We first introduced you to support and resistance lines in our Stock Market Made Simple blog, which you can read here. Today, we are going to dive deeper by introducing you to technical analysis.
Technical analysis is the study of a stock’s historical price points, which is displayed using graphical charts such as a candlestick chart. A technical trader believes the buying and selling pressure of the past can be tracked and provide an indication of a stock’s future performance and behavior. Therefore, by identifying and locating multiple points of buying support and selling resistance on a candlestick chart, we can mark or predict future trading behavior. After all, people are predictable, and history does have a way of repeating itself.
Technical trading is built upon the idea of tracking reoccurring price points and using that data to plot and execute trades. The two central positions which technical traders look to identify are points of support and resistance.
Points of support show where a stock finds more buying pressure than selling pressure, and the buying pressure drive drives the price higher as there are more buyers of a stock than there are shares available. If we can connect the same points with a line, then it shows there is historical evidence for the stock staying above the price threshold.

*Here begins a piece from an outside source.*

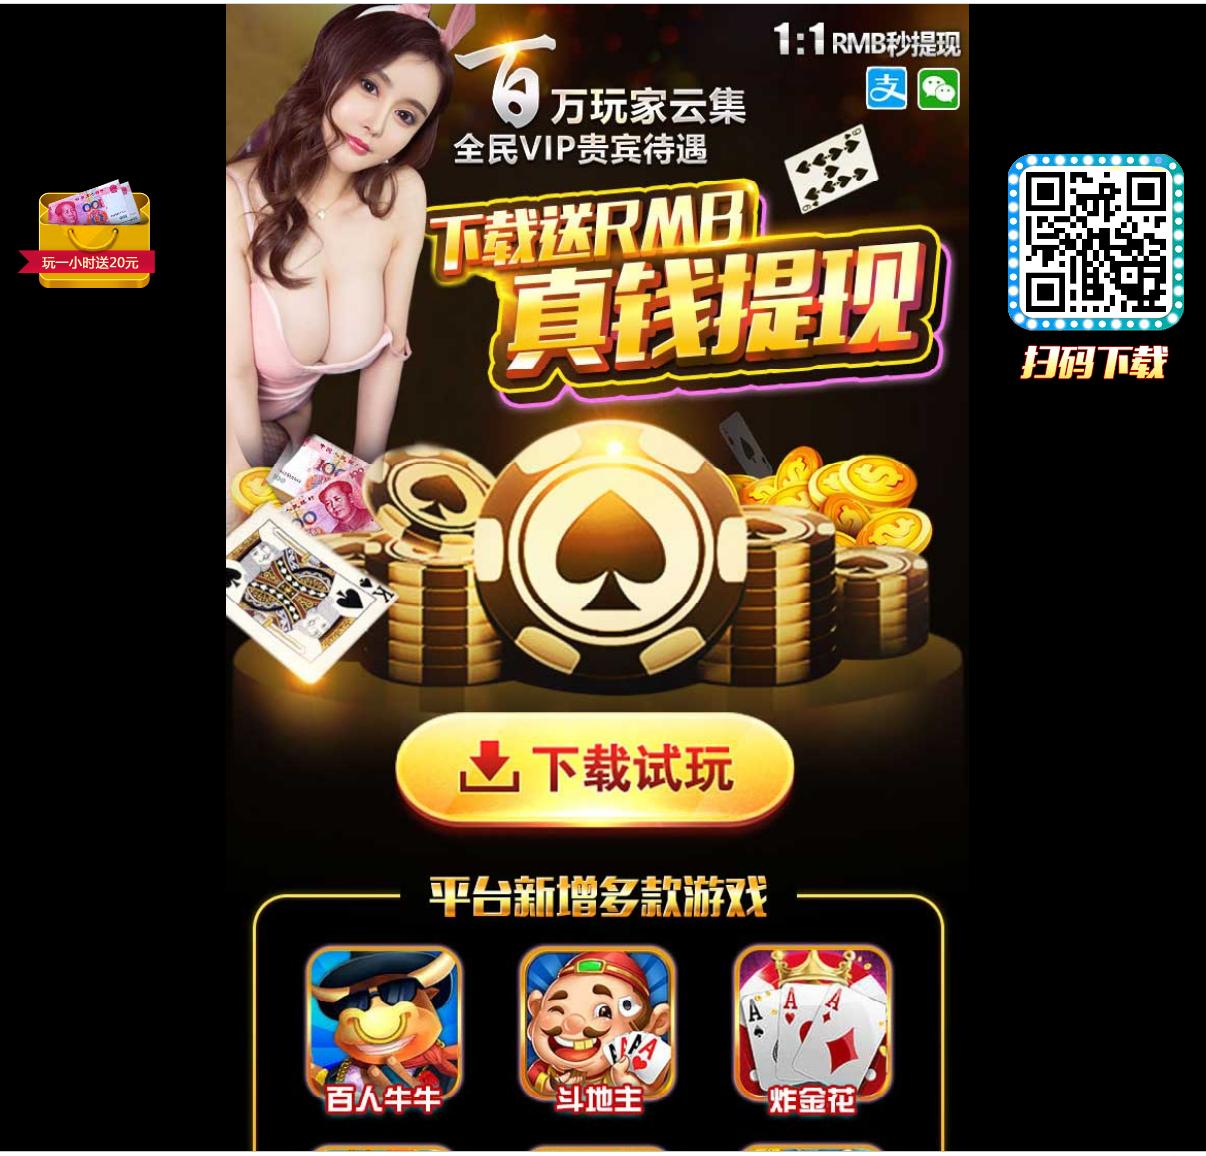 美女红包下载二维码天天棋牌手机下载页插图

In the example above, we have Amazon with three strong points of support. However, even with three solid connections, it is always good to remember these areas of identifiable buying pressure are only indicators of repeatable behavior that can be broken. Support was found around the thirty-three dollar price point during the months of October, March, and July. However, in the month of April, the stock did break below the thirty-three dollar mark. It quickly rebounded in a few days, but it did drop below the identified support. Again, support lines are strong statistical markers; however, they are not written in stone, and variances should be considered before trading off of them.
Points of resistance show where a stock finds more selling pressure than buying pressure, and the selling pressure drives the price lower as there are more shares available of the stock than there are buyers. As with support, if we can connect the same points with a line, then it shows there is historical evidence for the stock staying below the resistance price threshold.
In the example above, we have Disney with three points of resistance. However, even with three good connections, it is always ideal to remember these areas of identifiable selling pressure are only indicators of repeatable behavior which can be broken through. Resistance was found slightly above the hundred eighteen-dollar price point during the months of August, October, and November. However, in the month of October, the stock did break above the hundred eighteen-dollar mark. It quickly dropped in two days, but it did break above the identified resistance point. As with support, resistance lines are statistical markers; however, they are not written in stone, and variances should be considered before trading off of them.
In closing, when you identify and mark a stock’s support and resistance lines, you can see historical areas of buying and selling pressure. These areas of pressure are strong traditional indicators that you can use to help set up and exit your trades. Nevertheless, as shown in the examples above, variations can and will occur, so make sure you are protecting your positions with stops.